Nuuk-bound Nunavut delegation to study waste management
Iqaluit mayor, other government and agency representatives leave July 31 for weeklong visit
Iqaluit Mayor Solomon Awa greets Nuuk Mayor Avaaraq Olsen during her visit to Iqaluit on June 26 along with nine other Greenlandic representatives. (Photo by Arty Sarkisian)
Iqaluit’s mayor will join other Nunavut representatives heading to Greenland later this month to learn about how Nuuk handles waste management.
The trip, which runs from July 31 to Aug. 7, is co-ordinated by the Nunavut Association of Municipalities, or NAM, of which Iqaluit Mayor Solomon Awa is president.
“It’s an opportunity to see what Inuit in other countries do within their government’s system, and share knowledge,” Awa said after Wednesday’s city council meeting.
Nunavut’s delegation will also include five board directors from NAM as well as representatives from Nunavut Tunngavik Inc., Nunavut’s Department of Environment and the Climate Change Secretariat.
“I see this as a very successful partnership,” said Marla Limousin, NAM’s executive director, in a phone interview Thursday.
Limousin will also make the trip to Nuuk.
“NAM has been actively working to collaborate with other agencies and government departments to bring the issues of municipalities to the forefront,” she said.
Although the two regions share similarities, Greenland is doing better in waste management, Limousin said.
Nuuk’s new incineration plant came into service in January. Approximately 90 per cent of all waste gets fully incinerated and the process generates heat energy for the city.

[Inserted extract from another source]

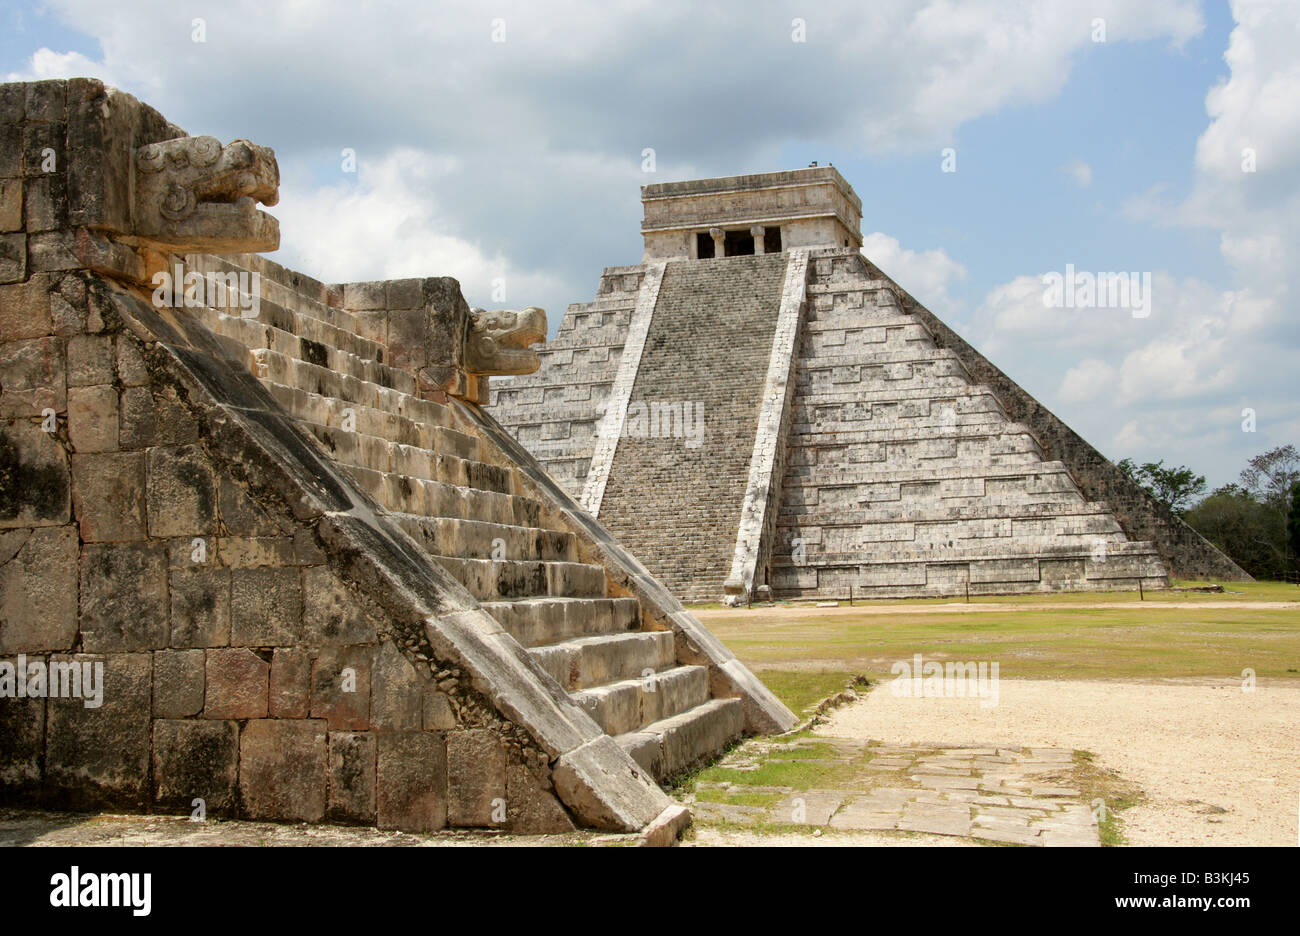 La plataforma de Venus y la Pirámide del Castillo (El Castillo) o el templo pirámide de Kukulcán, Chichen Itza, Yucatán, México Foto de stock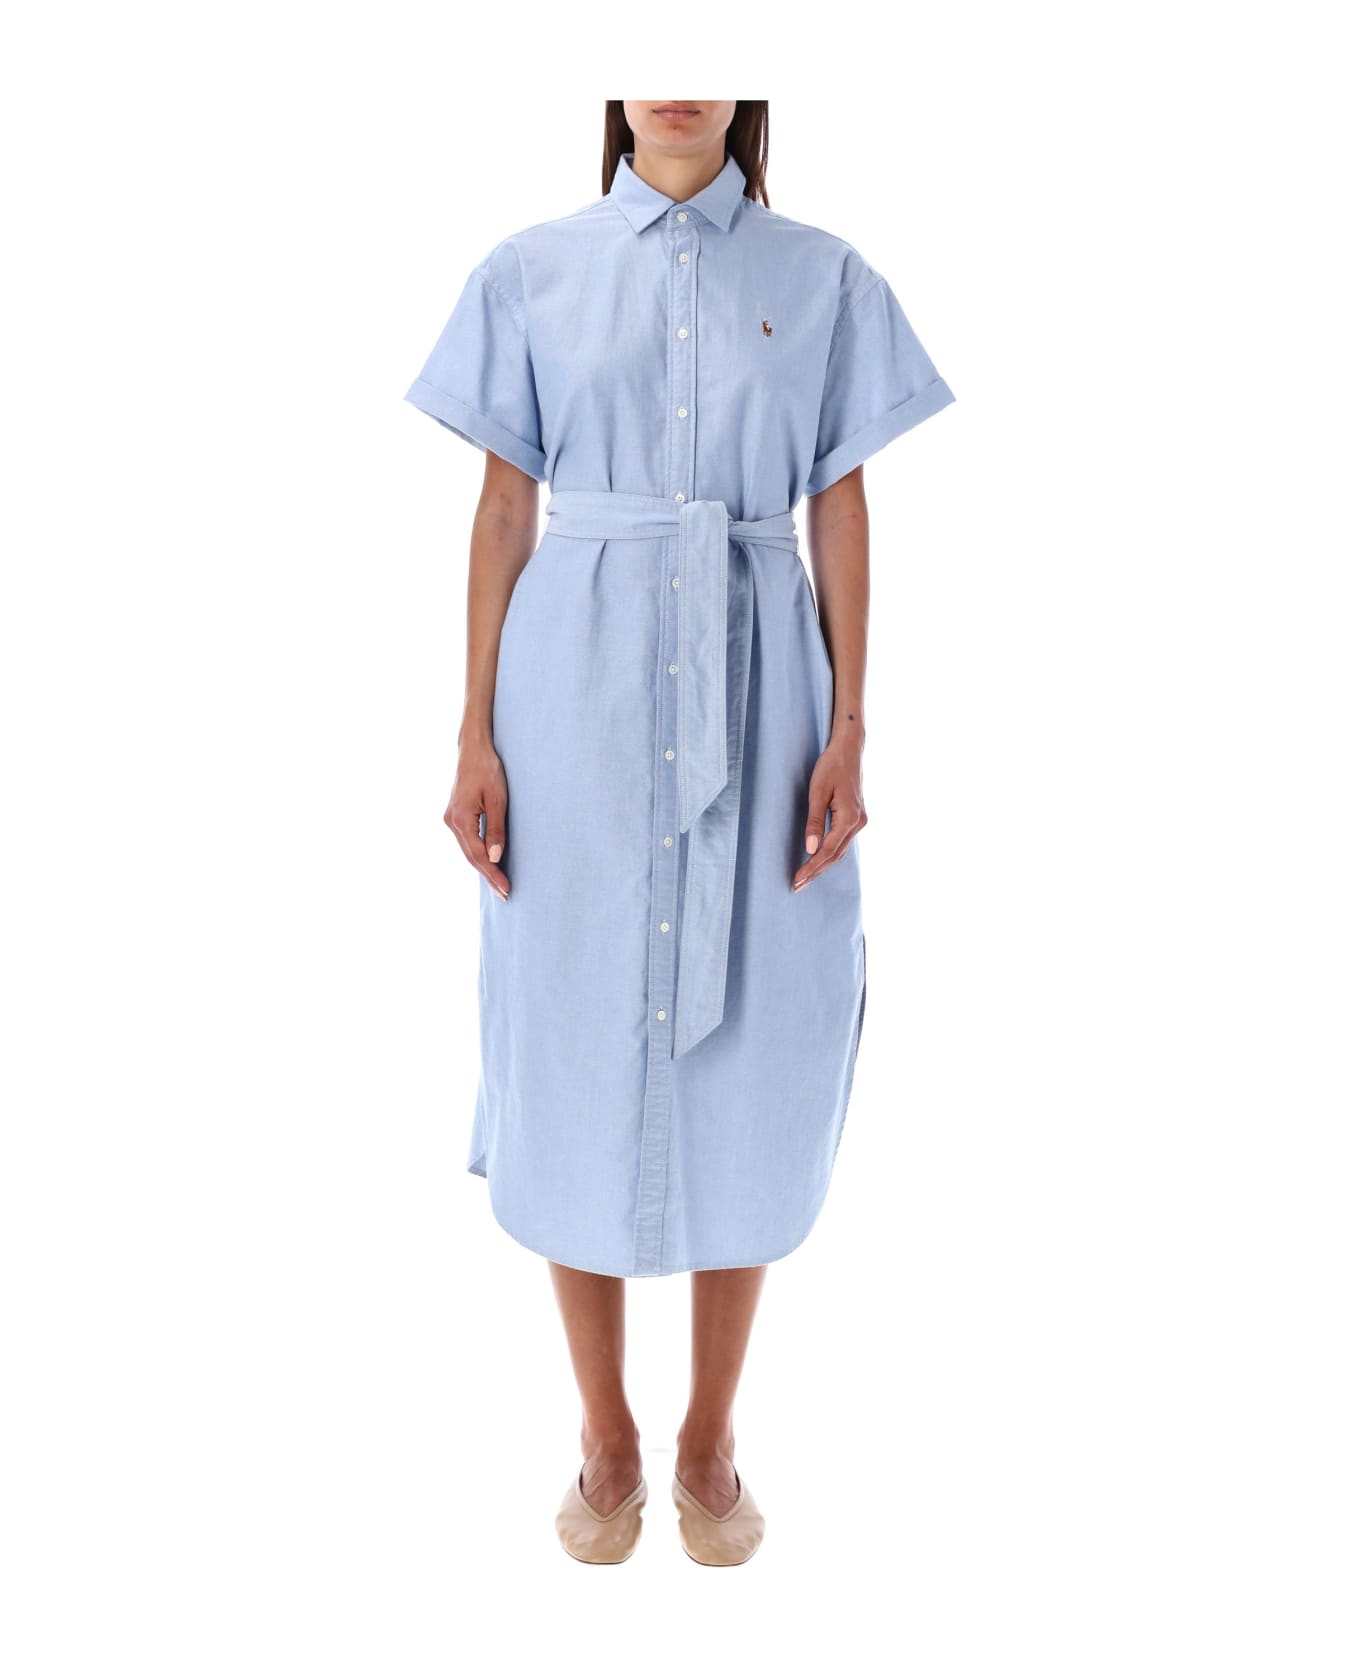 Polo Ralph Lauren Belted Oxford Shirtdress - BSR BLUE LIGHT

Nunavut’s delegation will also look into Nuuk’s alternative energy projects and meet with its city planning committee to learn about the types and styles of housing there and the natural topography of the region, Limousin said.
At Wednesday’s council meeting, members voted unanimously to send two members with Awa on the trip and for the city to allocate close to $10,000 for the councillors’ travel costs. Awa’s travel costs are being covered by NAM.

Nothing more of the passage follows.